The issues of a paternity action are, first, is the father in fact the biological father of the child and, assuming he is, secondly, what is in the best interest of the child for custody, visitation, and support?
Guardianships are handled under Missouri’s probate code, which is the same code that deals with wills and people’s estates. The Guardianships that I’m talking about here involve children whose parents are not doing a very good job taking care of them. The most typical scenario is when grandparents see their grandchildren being abused or neglected and they want to step in and provide the care needed by their grandchildren. Other people who might want to be guardian for young children are very close family friends and other close family members such as aunts and uncles.
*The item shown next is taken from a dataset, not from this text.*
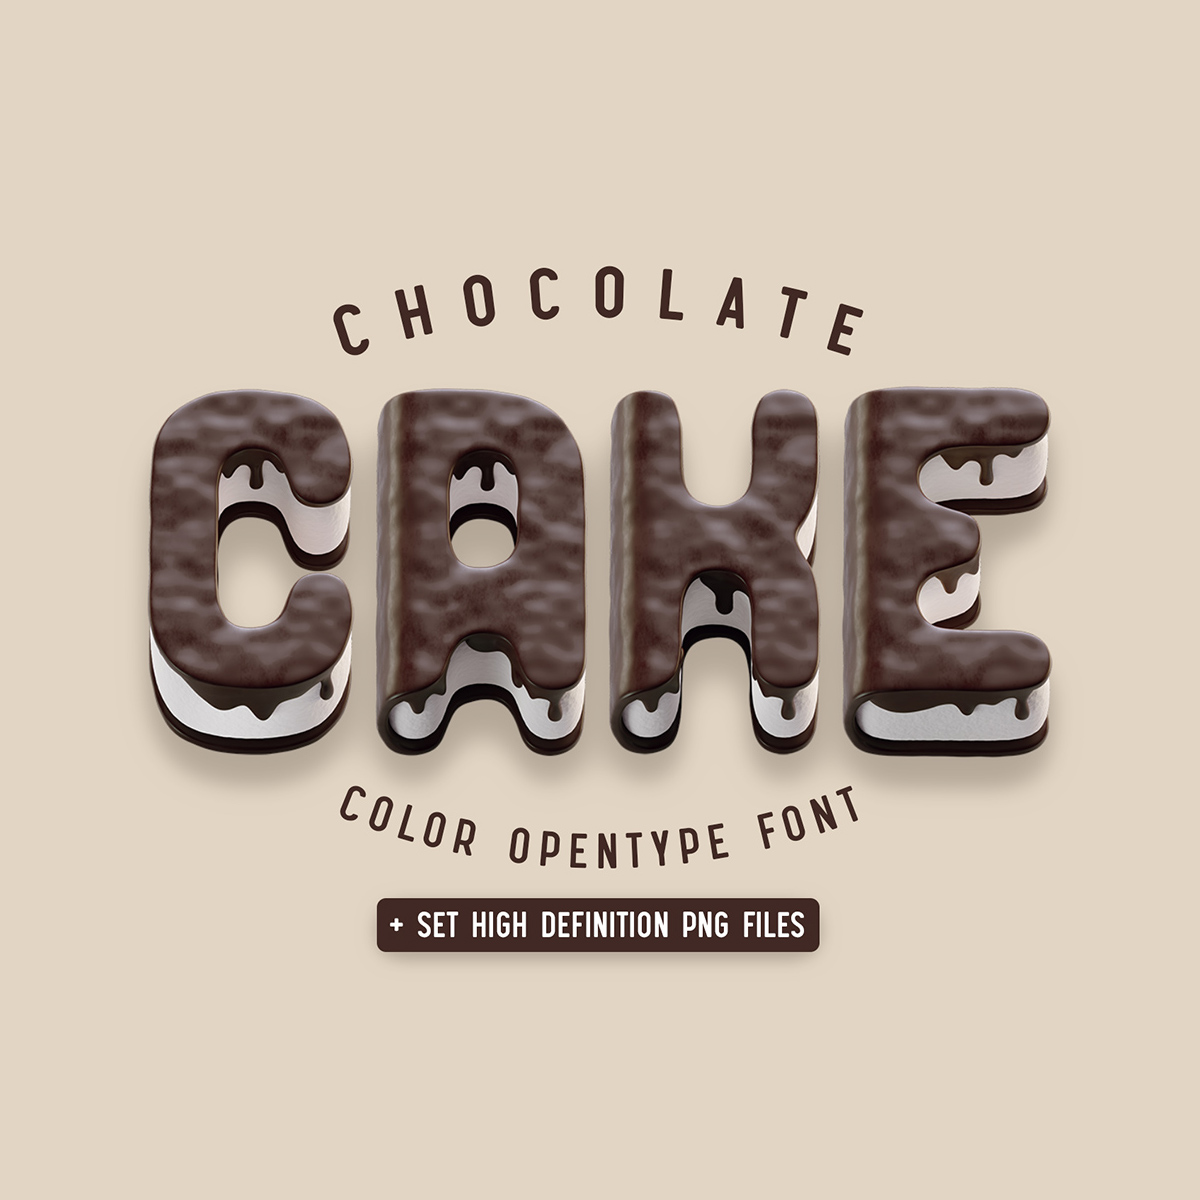 Chocolate Cake - Color Font cover image.

The persona petitioning to become a child’s guardian has to prove first that the biological parents of the children are either unfit, unwilling, or unable to provide the care that the children need and, secondly, that it is in the children’s best interest to be cared for by the petitioner.
Unlike when a father and mother fight for custody, when the only question is which parent will be best for the children, the petitioner in a guardianship case is not on the same footing as the parent. The best interest question is the second question, and is only asked after the guardian can prove the parent is unfit, unwilling, or unable to properly parent the child.